可,如果真是这样的话,也就是说武仲不可能谋害武建元长老啊!
不想这个还好,一想到这个,我愈发凌乱了,只觉得整件事扑溯迷离,压根理不清头绪。
“玛德,只是一场丧事,至于这样么?”我暗骂一句,也没再停留,径直朝灵堂那边走了过去。
待我们一行四人走到灵堂时,我有点懵,脑袋嗡嗡作响,死死地盯着眼前的一幕。
但见,那武九长老坐在一条长凳上,在他的左边不是别人,正是武仲,而武建元长老则静静地躺在旁边,在他身上盖着一条黄毛毯。
玛德!
什么情况?
为什么武仲比我们还要先到灵堂?
还有就是武建元长老是怎么回事?
就在我愣神这会功夫,那武九长老微微一笑,朝我走了过来,轻笑道:“小九,这次辛苦你了。”
“是啊!辛苦了。”武仲也走了过来。
看着他们俩,也不知道为什么,我特别厌恶,有种被人当傻子的感觉,死死地盯着武九长老,冷声道:“你利用我?”
他一笑,“小九,这话严重了,说不上利用,只是担心你性子耿直,不适合告诉你,老朽以性命向你保证,绝无利用你的心思。”
话音刚落,那武仲笑了笑,抬手拍了拍我肩膀,笑道:“不单单是你,整个玄学门第只有我们俩人知道整件事的来龙出脉,即便是我儿子也没告诉你,而武家十八兄弟除了武九长老没人知道这一切。”
“到底是怎么回事?”我紧盯着他们,沉声道。
那武九长老笑了笑,拉着我在他旁边坐了下去,解释道:“整件事也算不上多复杂吧,我只能告诉你,我跟门主的想法是一致的。”
嗯?
一致的?
我心中狂震,这是什么意思?
什么叫一致的?
难道他们俩都是主张投身玄学界?
如果真是这样的话,他们俩这一盘棋下的也太大了吧,完全就是一个人唱红脸,一个人唱白脸,继而将玄学门第内那些反对投身的玄学界的人全部控制起来。
当即,我忙问:“那些长老呢?”
武仲一笑,“悉数被控制起来了。”
玛德,果然是这样!
说实话,他们俩这盘棋下的并不是特别精彩,但却极度需要时间跟耐性,一旦失去耐性,这棋便失败了。

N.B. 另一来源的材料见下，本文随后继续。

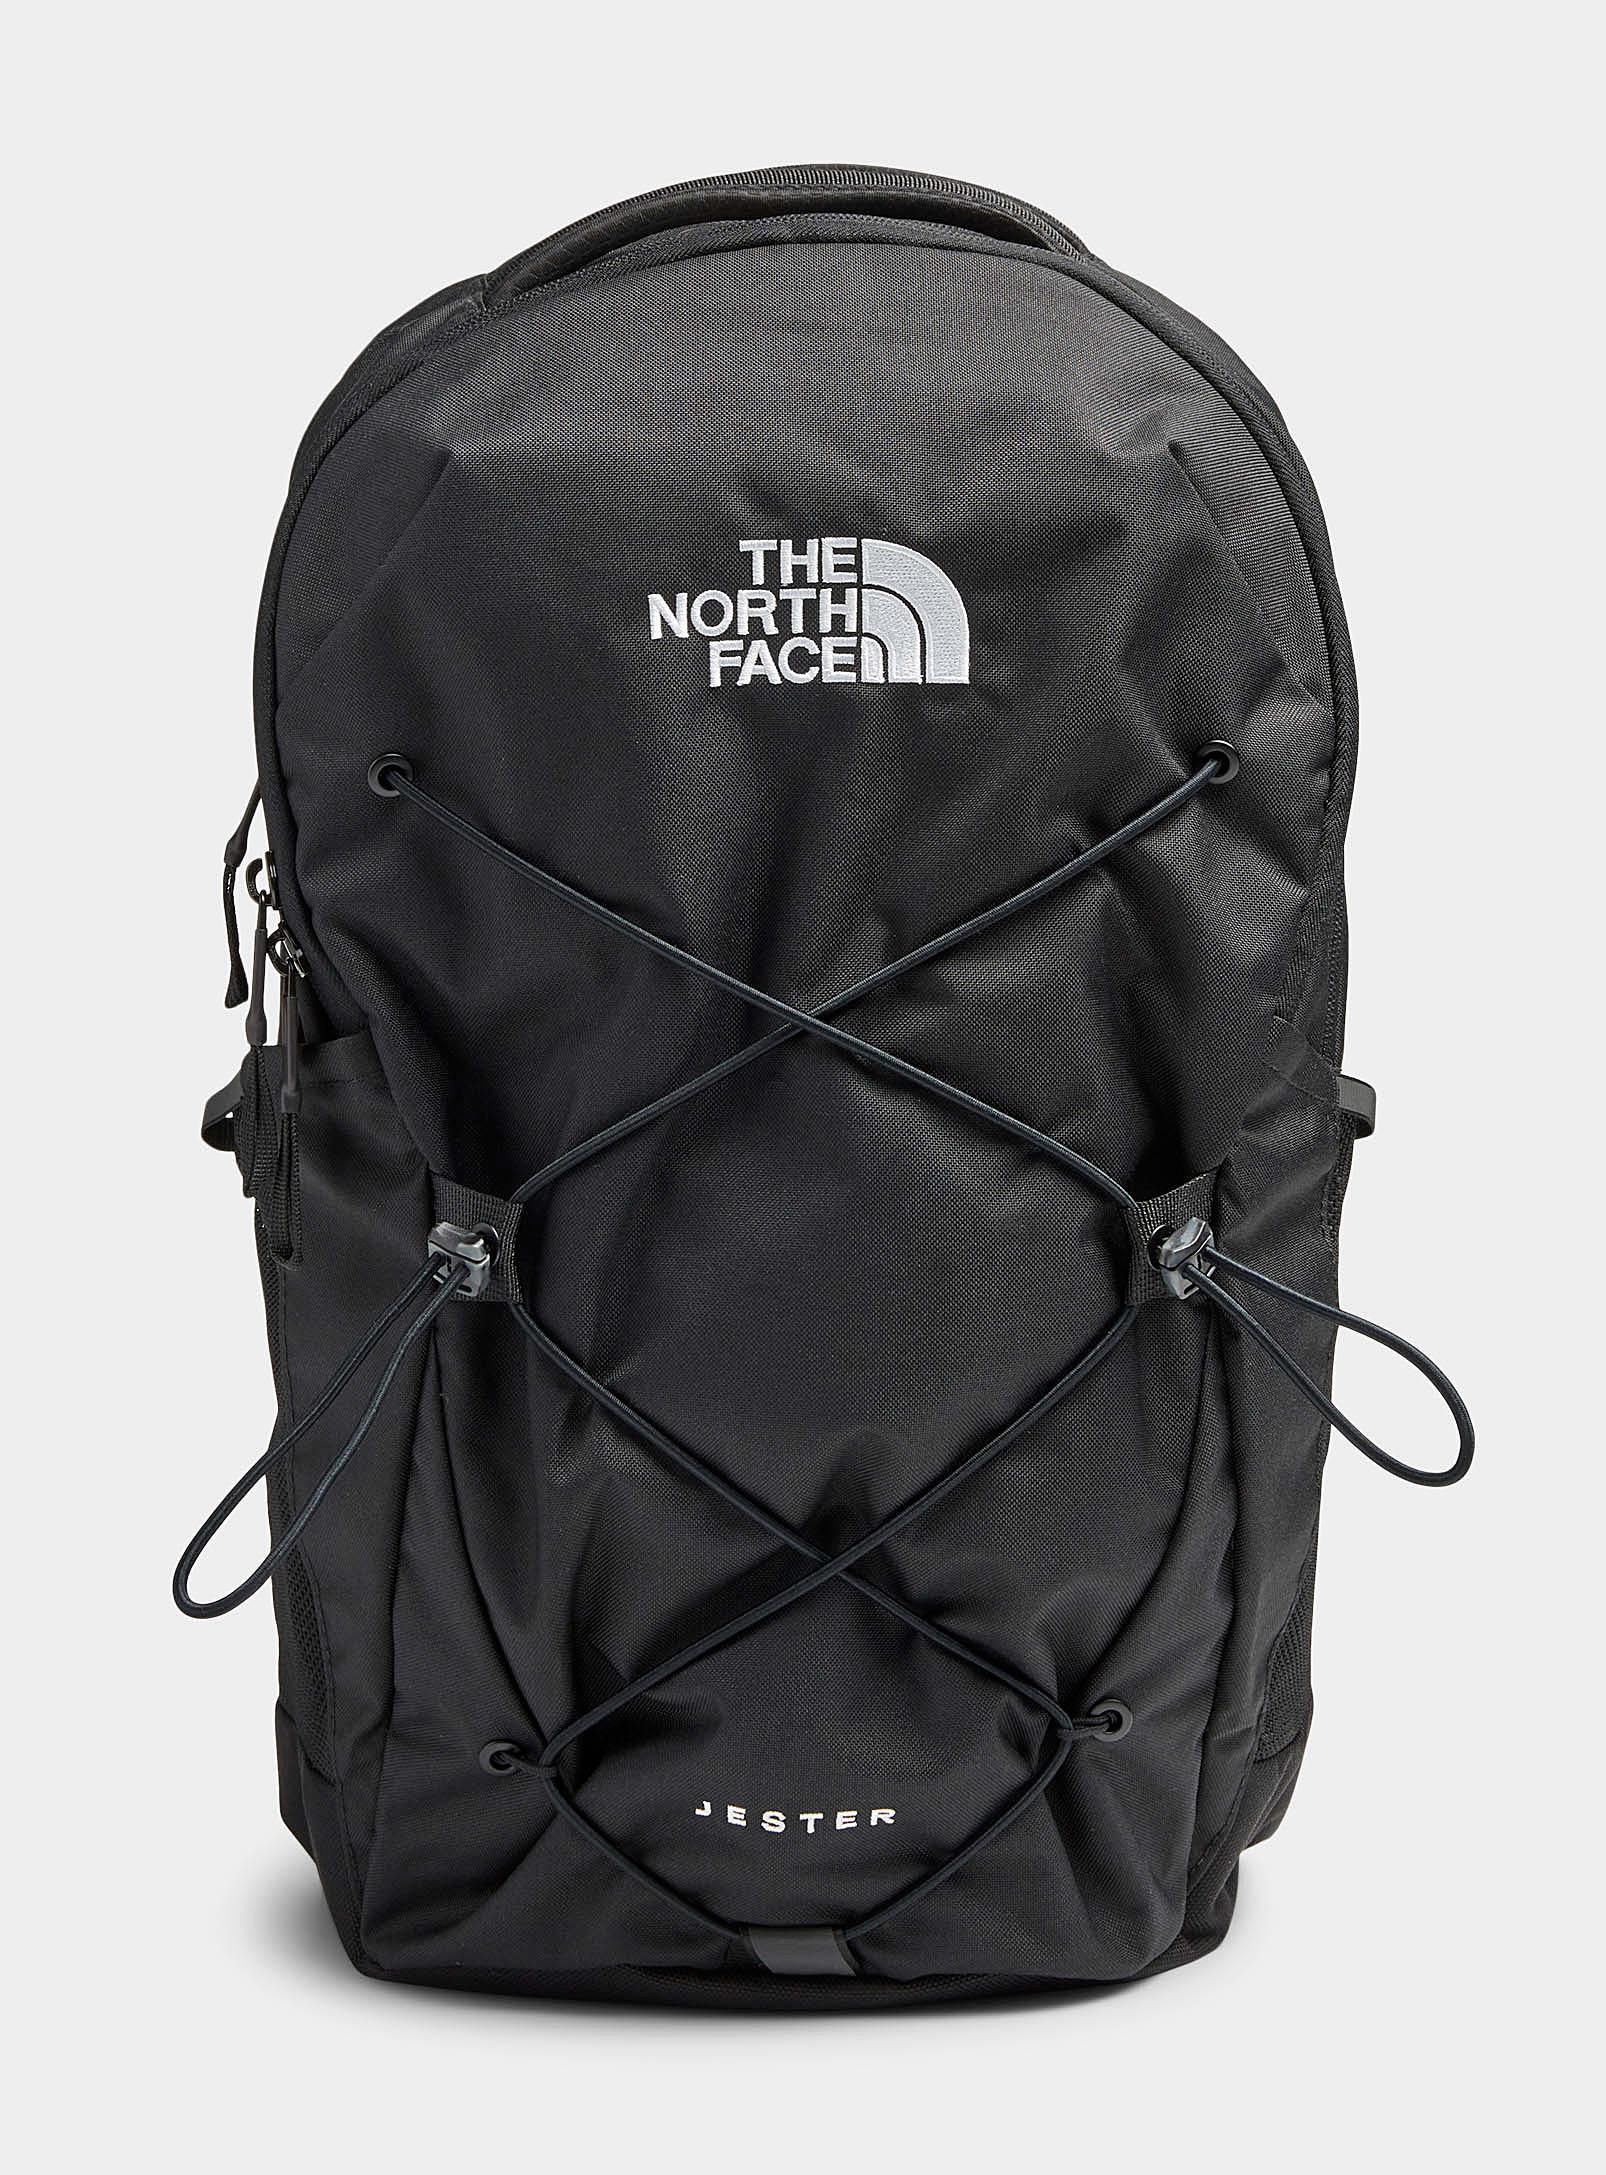 The North Face Jester Backpack In Black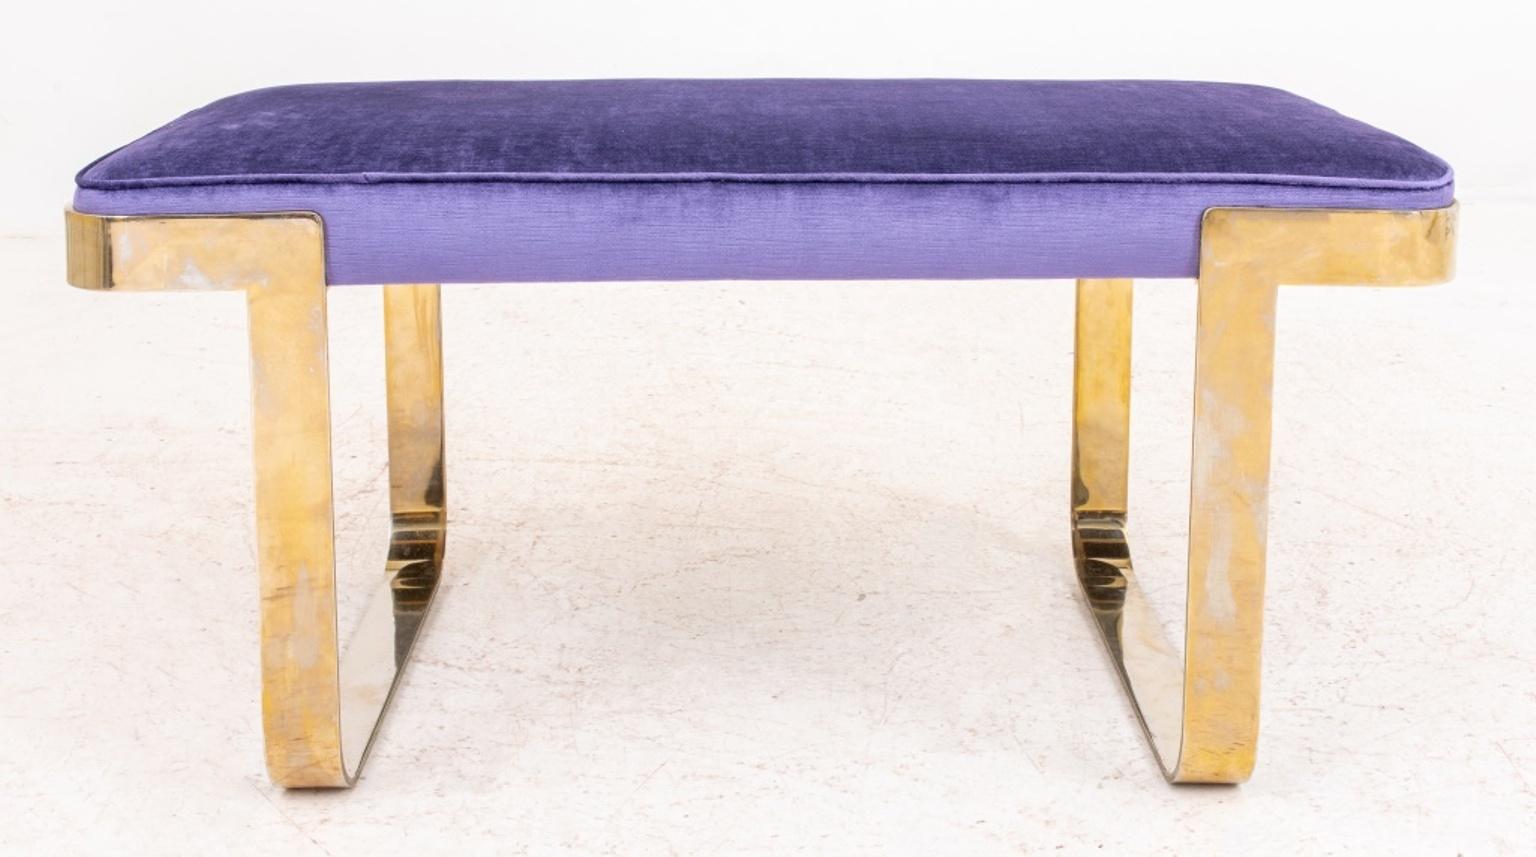 Milo Baughman (American, 1923-2003) style chrome bench rectangular with chrome frame and trestle supports, upholstered in violet velours. Measures: 17

深呼一口气,我紧盯着武九长老,问:“武建元长老是真的仙逝了?”
他嗯了一声,说:“父亲是真的走了。”
“那他先前为什么打你?”我又问。
他说:“父亲并不赞同我们的提议,但他老人家却知道玄学门第最终的归属肯定是玄学界,这才选择睁一只眼闭一只眼,但他老人家心里还是惦记着祖业,认为老朽的行为是忘祖归宗,这才打了老朽。”
说完,那武九长老深叹一口气,下意识朝武建元长老望了过去,满目惭愧。
我没说话,主要是不知道说啥,或许就如武九长老说的那般,玄学门第的最终归属会是玄学界,这是时代之下的产物,就如我们抬棺匠也是一样,时代在发展,任何东西都需要更新进步。
也不知道为什么,忽然之间,我心里有些苦涩,就问他:“武建元长老不是被刺杀身亡?”
这是我心头最大的疑惑,如今武仲跟武九长老已经是一伙的了,武建元长老的死显然不是武仲的手笔了。
话音刚落,那武九脸色刷的一下沉了过去,而武仲同样也是沉着脸,他们俩人对视一眼,武九长老沉声道:“父亲的死,有人动了手脚。”
“谁?”我立马问。
他摇头道:“暂时还不清楚,但玄学门第内绝对出了内鬼,至于是谁,暂时还不知道。”
内鬼?
连他们俩人都不知道?
开玩笑吧!
他们俩在一起,可以说整个玄学门第的势力了。
怎么可能另外还有势力?
难道是那些长老们?
不可能啊!
先前武仲发火时,看的出来那些长老们心有抗拒,但却是底气不足。
“小九,至于内鬼是谁,我们暂时还不清楚,也正是因为发现了内鬼的存在,我才会忍不住提前跟武九长老站在一起了,目的只有一个,找出内鬼。否则,玄学门第危险了,就连武建元长老的丧事也没办法进行下去了。”那武仲面色凝重。